You should compare cpu-usage not the bare elapsed time. This way your statistics will not depend from, e.g., disk access congestion.
Let your child process do something. Remember that "modern" fork uses copy-on-write mechanisms to avoid to allocate memory to the child process until needed. It is too easy to exit immediately. This way you avoid quite all the disadvantages of fork.
CPU time is not the only cost you have to account. Memory consumption and slowness of IPC are both disadvantages of fork solution.
You could use "rusage" instead of "clock" to measure real resource usage.
P.S. I do not think you can really measure the process/thread overhead writing a simple test program. There are too many factors and, usually, the choice between threads and processes is driven by other reasons than mere cpu-usage.

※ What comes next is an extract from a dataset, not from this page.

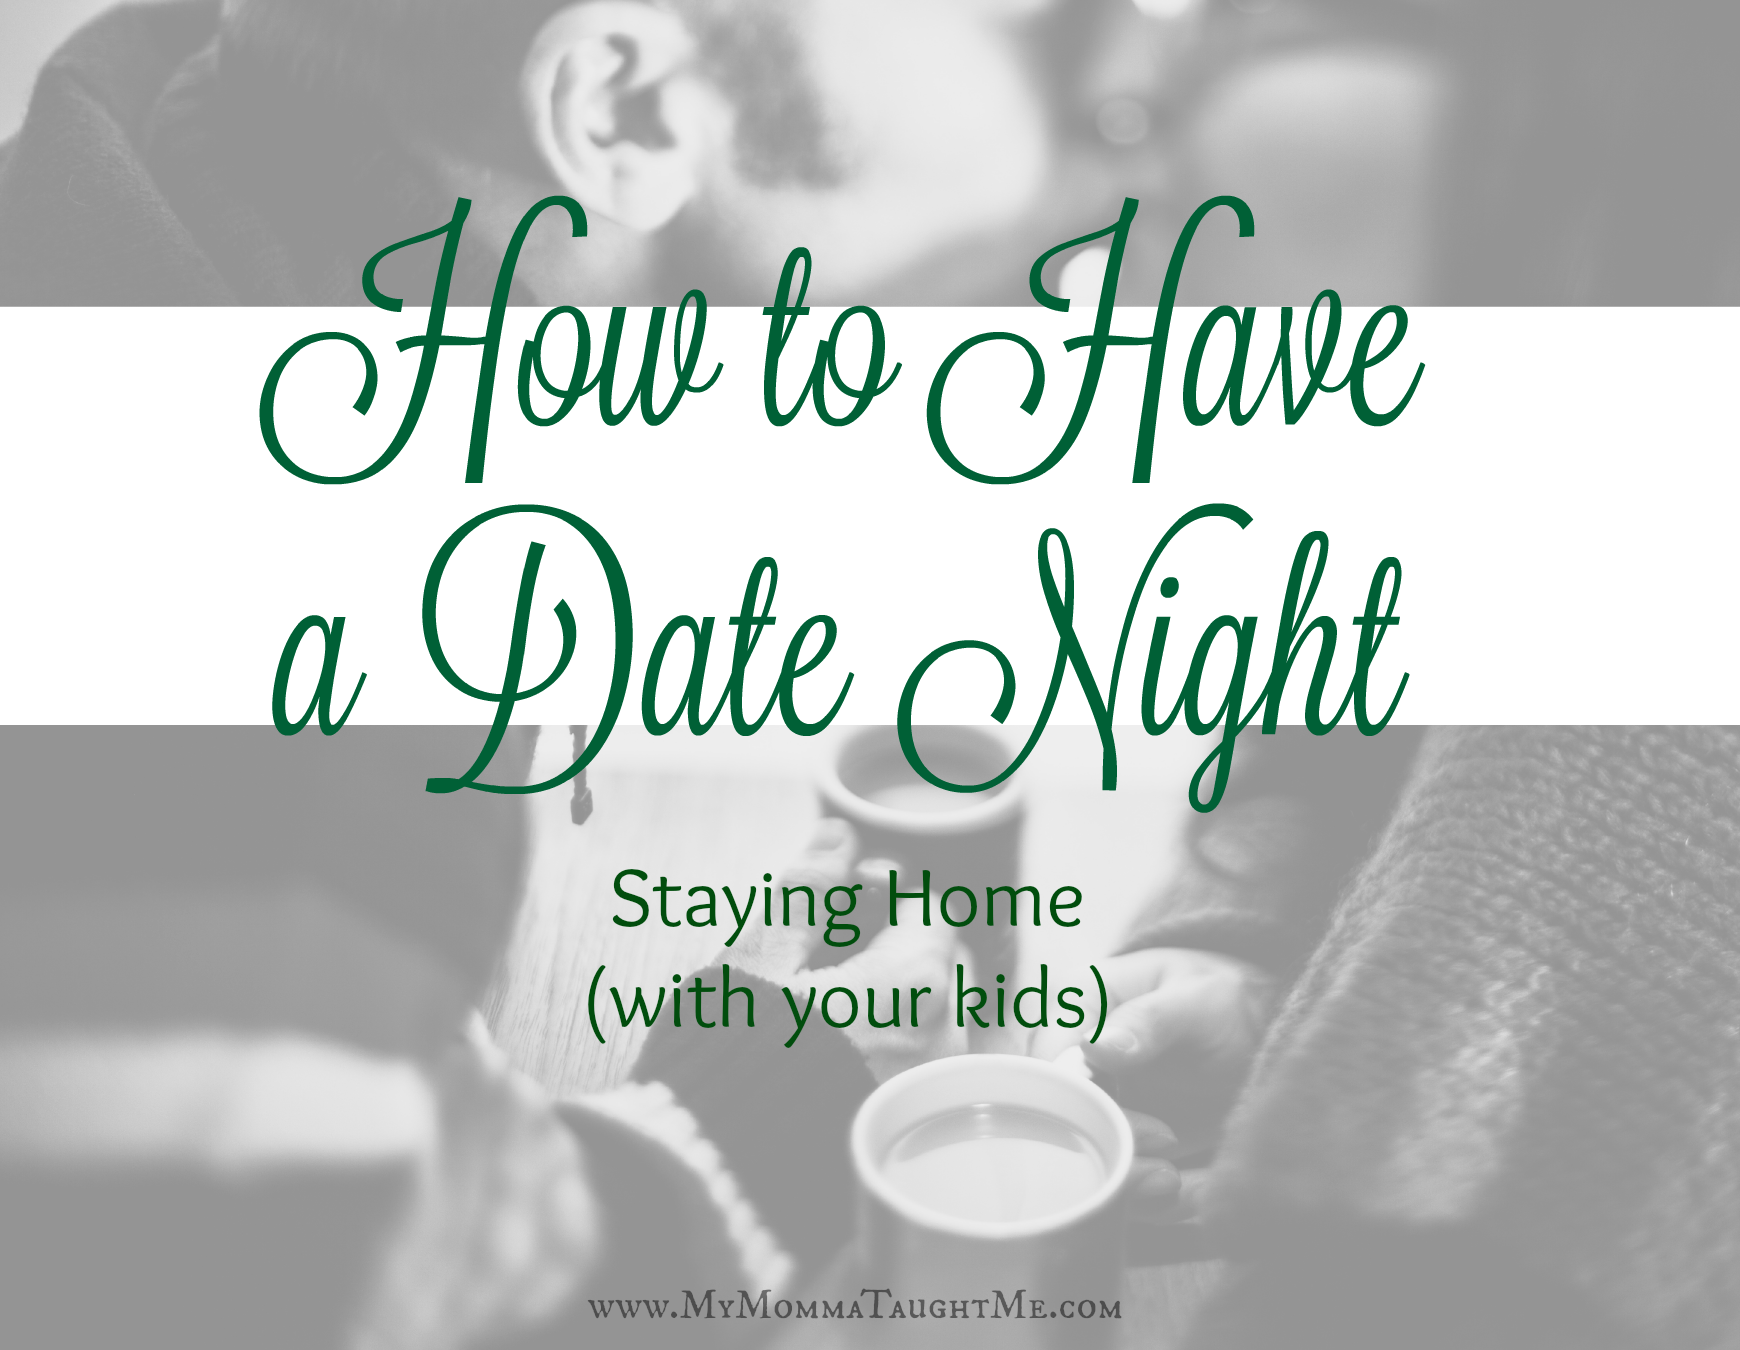 How to Have a Date Night

Under Linux fork is a special call to sys_clone, either within the library or within the kernel. Clone has lots of switches to flip on and off, and each of them effects how expensive it is to start.
The actual library function clone is probably more expensive than fork though because it does more, though most of that is on the child side (stack swapping and calling a function by pointer).
What that micro-benchmark shows is that thread creation and joining (there are no fork results when I'm writing this) takes tens or hundreds of microseconds (assuming your system has CLOCKS_PER_SEC=1000000, which it probably has, since it's an XSI requirement).
Since you said that fork() takes 3 times the cost of threads, we are still talking tenths of a millisecond at worst. If that is noticeable on an application, you could use pools of processes/threads, like Apache 1.3 did. In any case, I'd say that startup time is a moot point.
The important difference of threads vs processes (on Linux and most Unix-likes) is that on processes you choose explicitly what to share, using IPC, shared memory (SYSV or mmap-style), pipes, sockets (you can send file descriptors over AF_UNIX sockets, meaning you get to choose which fd's to share), ... While on threads almost everything is shared by default, whether there's a need to share it or not. In fact, that is the reason Plan 9 had rfork() and Linux has clone() (and recently unshare()), so you can choose what to share.